Medical Package Printing: Thermal-Transfer Systems Challenge Flexographic Printers
The need to include more variable information on medical packages is driving some device packagers to consider thermal-transfer printing. Can flexography survive?
by Daphne Allen, Editor
Flexographic printing is by far the most widely used printing method for flexible medical packaging. But thermal-transfer printing may soon start chipping away at its market share. As more and more device companies become global marketers, the number of languages and internationally understood symbols that need to be printed on packages increases. And, to comply with European market regulations, packages must bear lot codes and expiration dates. Suddenly, the use of flexographic printing plates that need to be updated from run to run is not so economical.
To cope with these demands, a few medical device companies have turned to thermal-transfer printing. Easily programmable, thermal-transfer systems are not bound by the limits of a printing plate and can instead output variable information directly from a database.

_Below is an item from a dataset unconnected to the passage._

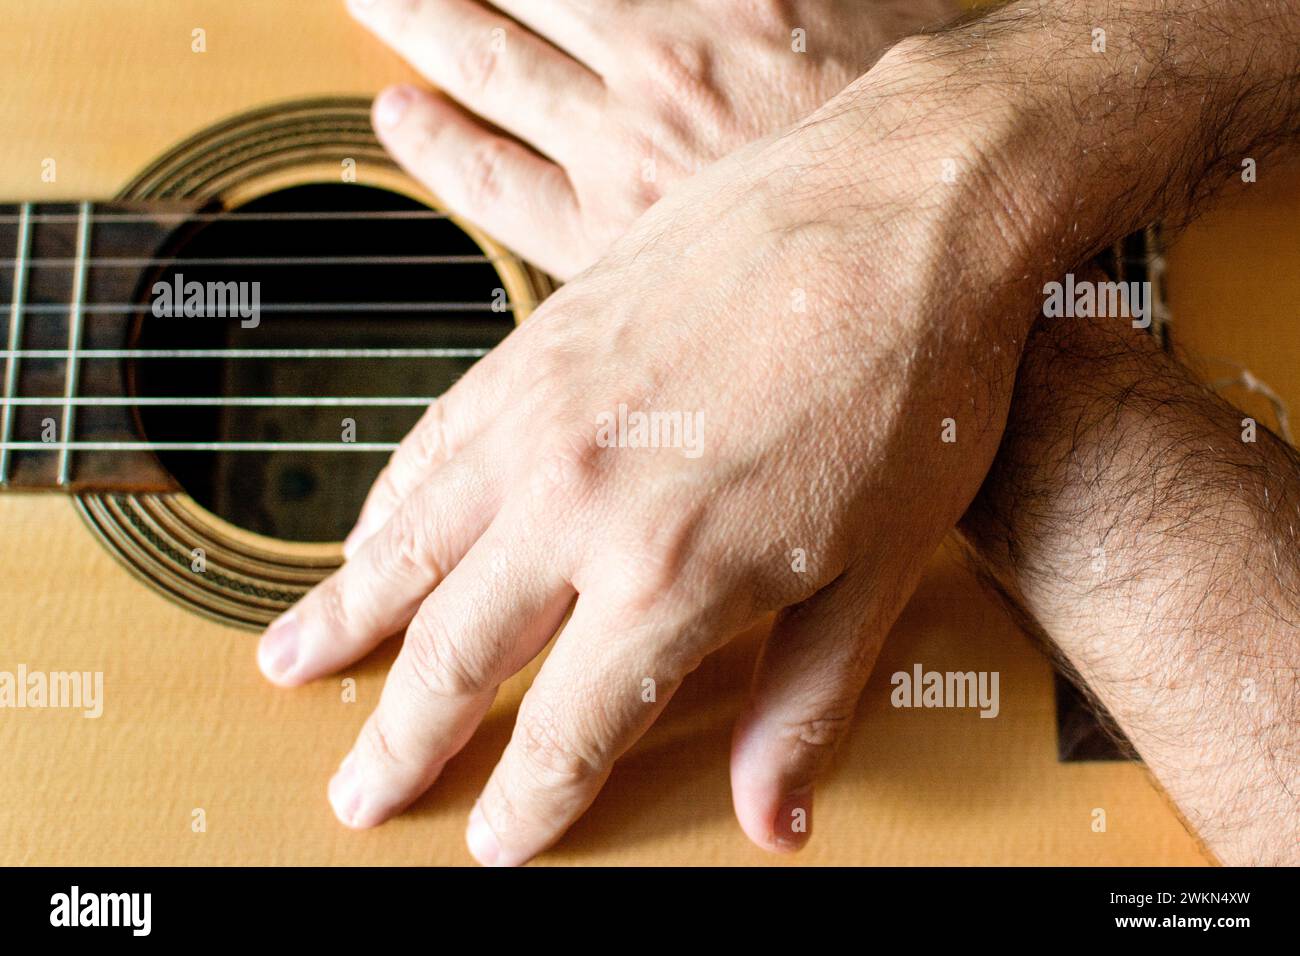 Hands of a classical guitarist on top of the guitar. Stock Photo

Constant data on packages from Kendall Healthcare, formerly Graphic Controls, is printed in purple by a flexographic printer. A thermal-transfer printer produces the variable data in black.
Not all flexographic printer makers and users are abandoning the several-hundred-year-old technology, though. New inks and plate materials still make flexography an appealing option, and smaller systems help device makers afford the technology for smaller volumes. Converters still use the technology widely, because they are often employed by their clients to print constant information and provide preprinted packaging materials. So, instead of one technology dominating the other, what may emerge in the in-house medical printing market is a partnership between flexography and thermal-transfer printing.
PITTING FLEXOGRAPHY AGAINST THERMAL TRANSFER
According to the Flexographic Technical Association (Ronkonkoma, NY), 70% of the films in the $18-billion flexible film industry are printed on using flexography. "It is the most common method when it comes to medical printing," says Carl Marotta, president of Tolas Health Care Packaging (Feasterville, PA), a converter of medical packaging films, the bulk of whose printing is done using flexography. "It is versatile and inexpensive to operate." Another converter, Perfecseal (Philadelphia), uses flexography exclusively. "It is more suitable than thermal-transfer printing for printing on foil, films, and Tyvek brand spunbonded olefin," says Perfecseal's printing operations manager Ron Fortunato.
Wazir Nobbee, senior research engineer at DuPont Tyvek (Richmond, VA), adds that the technology produces good print quality at high speeds—often hundreds of feet per minute. "It is very economical for large volumes. You can print a whole roll of material without stopping, whereas other methods are stop and go." Nobbee's colleague at DuPont, Stasys Rudys, even finds flexography to be more efficient than thermal-transfer printing. "You can print on much wider webs and at much faster speeds. And it is better for producing fine lines and logos."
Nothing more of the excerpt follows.